Where have your friends gone?

We are at the end of Paul’s life. This second letter to Timothy has been filled with emotion and as we come to the end of it Paul is vulnerable as he contemplates on the people he has had in his life.

When I became a Pastor there was a sought after preacher who everyone wanted to hear. Several years ago now a friend attended his funeral. It wasn’t really a Christian funeral, in fact, one of the eulogies came from a work colleague, who said “when he started at work he told us he was a Pentecostal Pastor but then he became one of us” he then quoted something that he was well known for, which wasn’t fitting for any Christian.
What makes men and women move from such places in God to become shadows of who they were?
What do they think about when they’ve walked away?
Do they still pray?
Do they rubbish their experience of God?
Did they have anything to walk away from?

“Do your best to come to me quickly, for Demas, because he loved this world, has deserted me and has gone to Thessalonica. Crescens has gone to Galatia, and Titus to Dalmatia.” (2 Timothy v 9-10)  

Crescens and Dalmatia were seemingly commissioned to represent missionary departures. Paul mentions them matter-of-factly, without emotion or judgment, because their leaving advanced the very cause for which Paul himself was imprisoned.

But Demas? This is where we become sad. Perhaps you know of a Demas?

Some may think it was an abandoning of his salvation. But maybe it wasn’t.

It could be simply this, the choice between looking after an old Apostle trapped in prison, going nowhere, the thrill of missionary journeys having ended, well, it doesn’t sound like fun does it? Demas needed to live his life, he needed to see the world and get what it had to offer him, he had dreams you see. If so, it hurt.

This wasn’t a fair-weather friend walking away, this was a close associate, someone who had seen the power of the gospel firsthand, someone who had witnessed Paul’s unwavering faith through previous imprisonments.

This makes his desertion all the more painful. It’s one thing to be abandoned by strangers; it’s another to be left by those who once stood beside you in the work of the kingdom.

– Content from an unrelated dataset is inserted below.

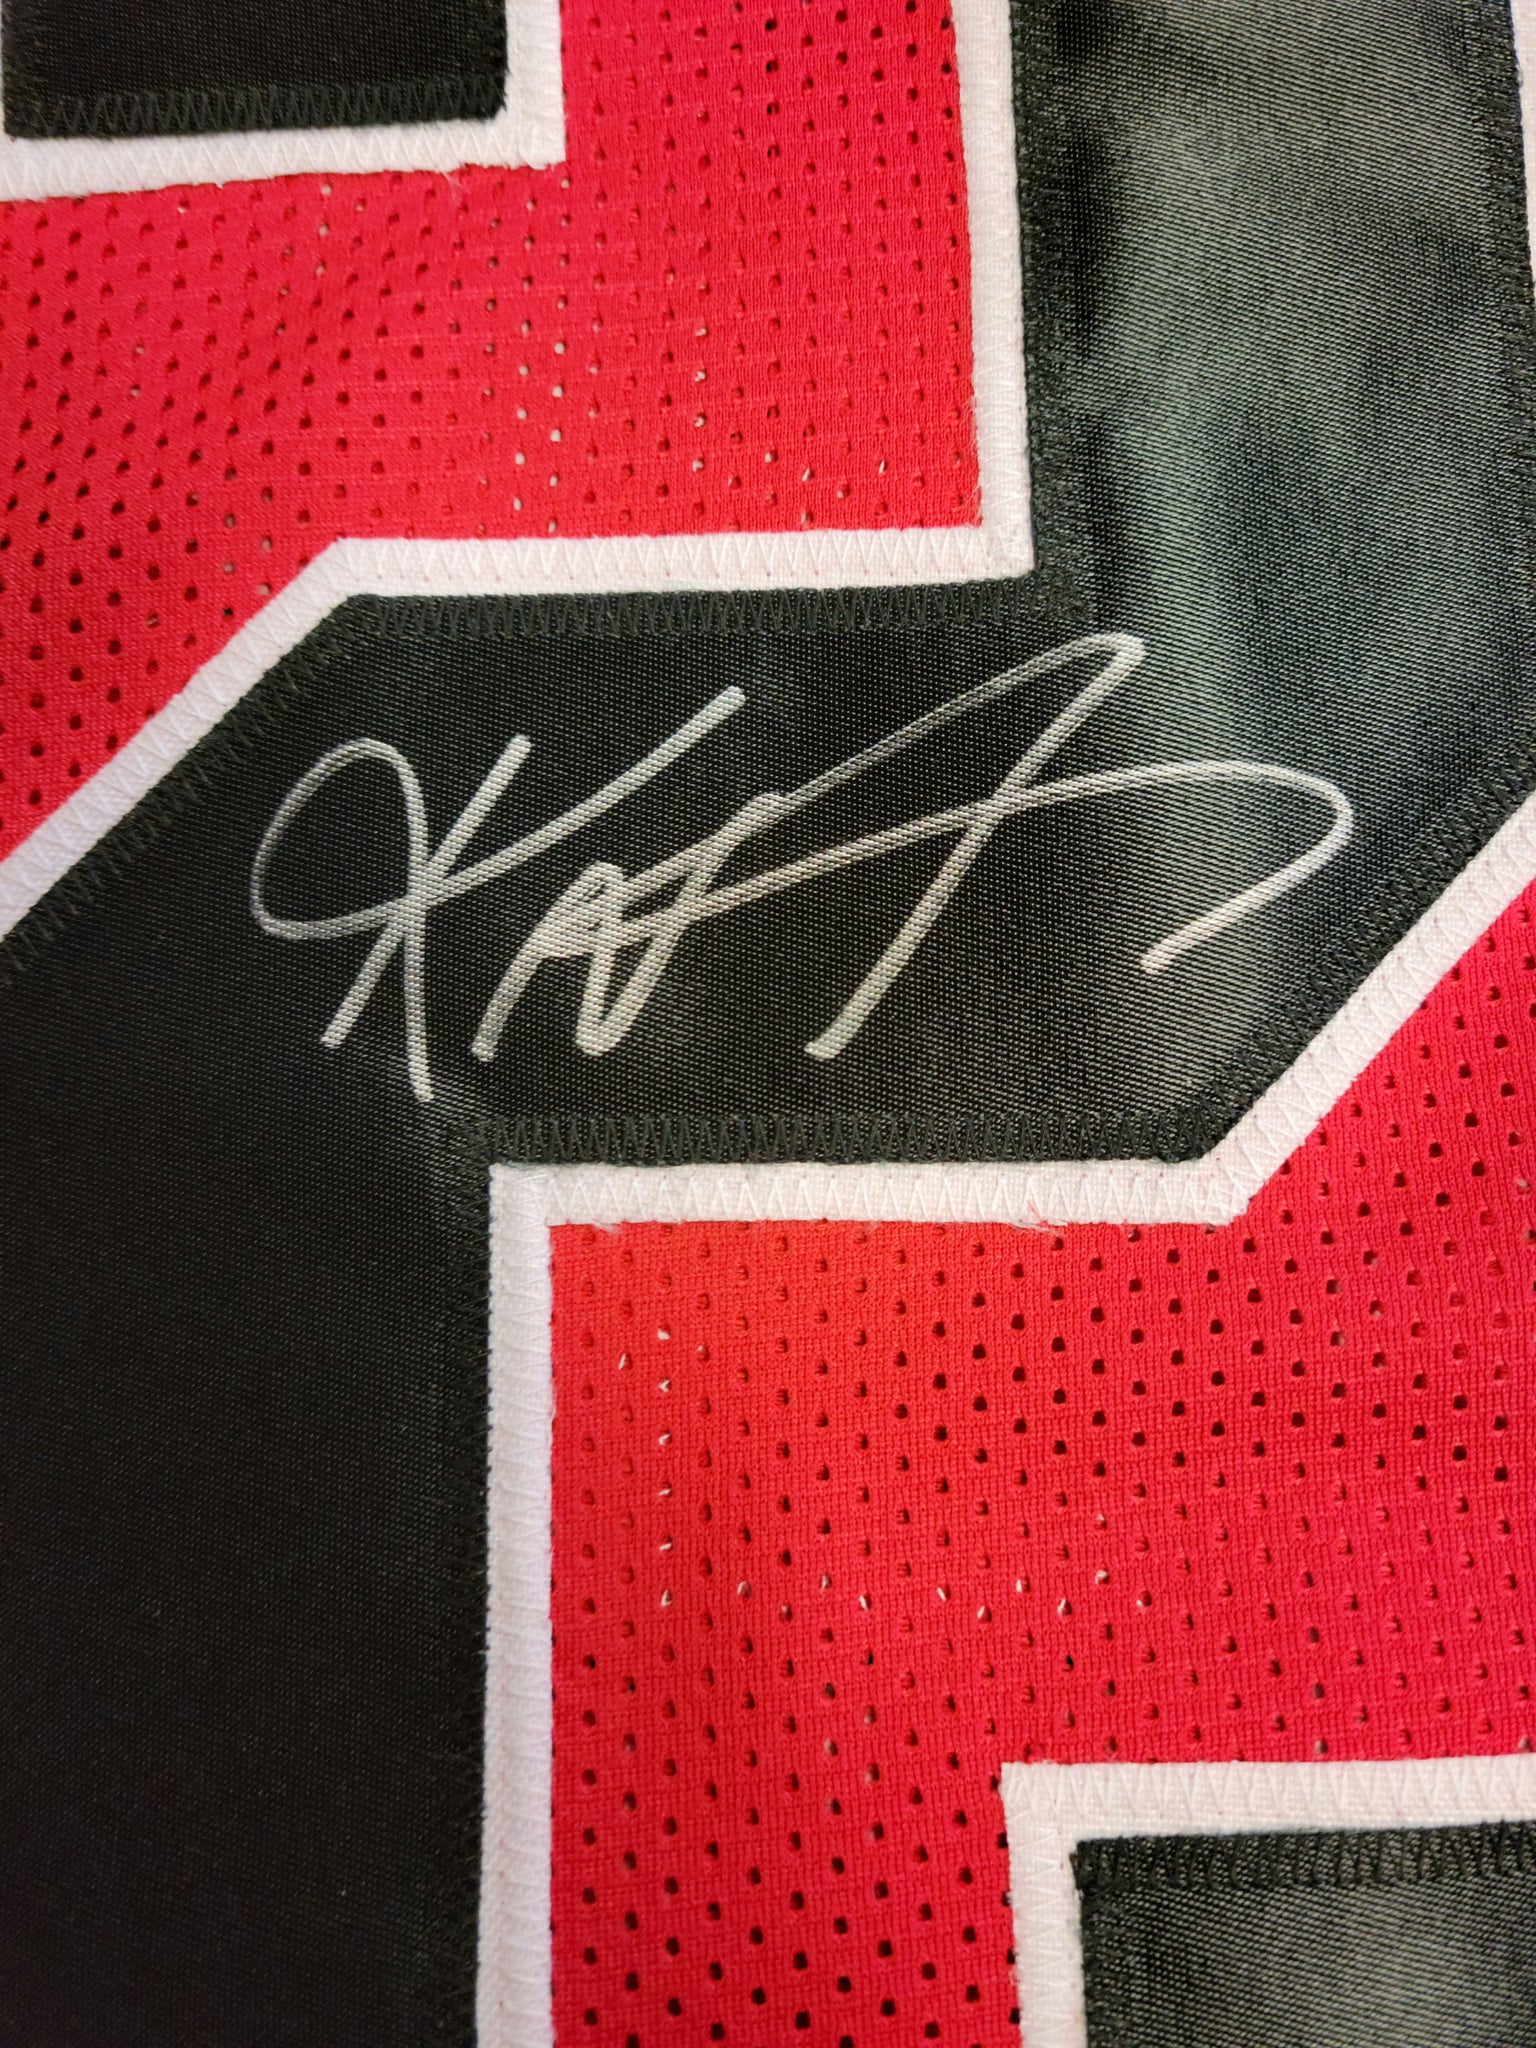 Keanu Neal Authentic Signed Pro Style Jersey Autographed JSA

We don’t know what became of Demas after Thessalonica. Did he ever return? Did he find what he was looking for in the temporal pleasures of this world? History is silent on his ultimate fate.

The question remains: When the cost of faithfulness rises, what will our response be? Will we, like Demas, choose the temporary comfort of this world?

The choice, as it was for Demas, remains ours.

If you had a friend who became a Demas, it will have hurt you but draw comfort as Paul looks back on those that were with him, some stayed and some left, yet he has remained faithful to God.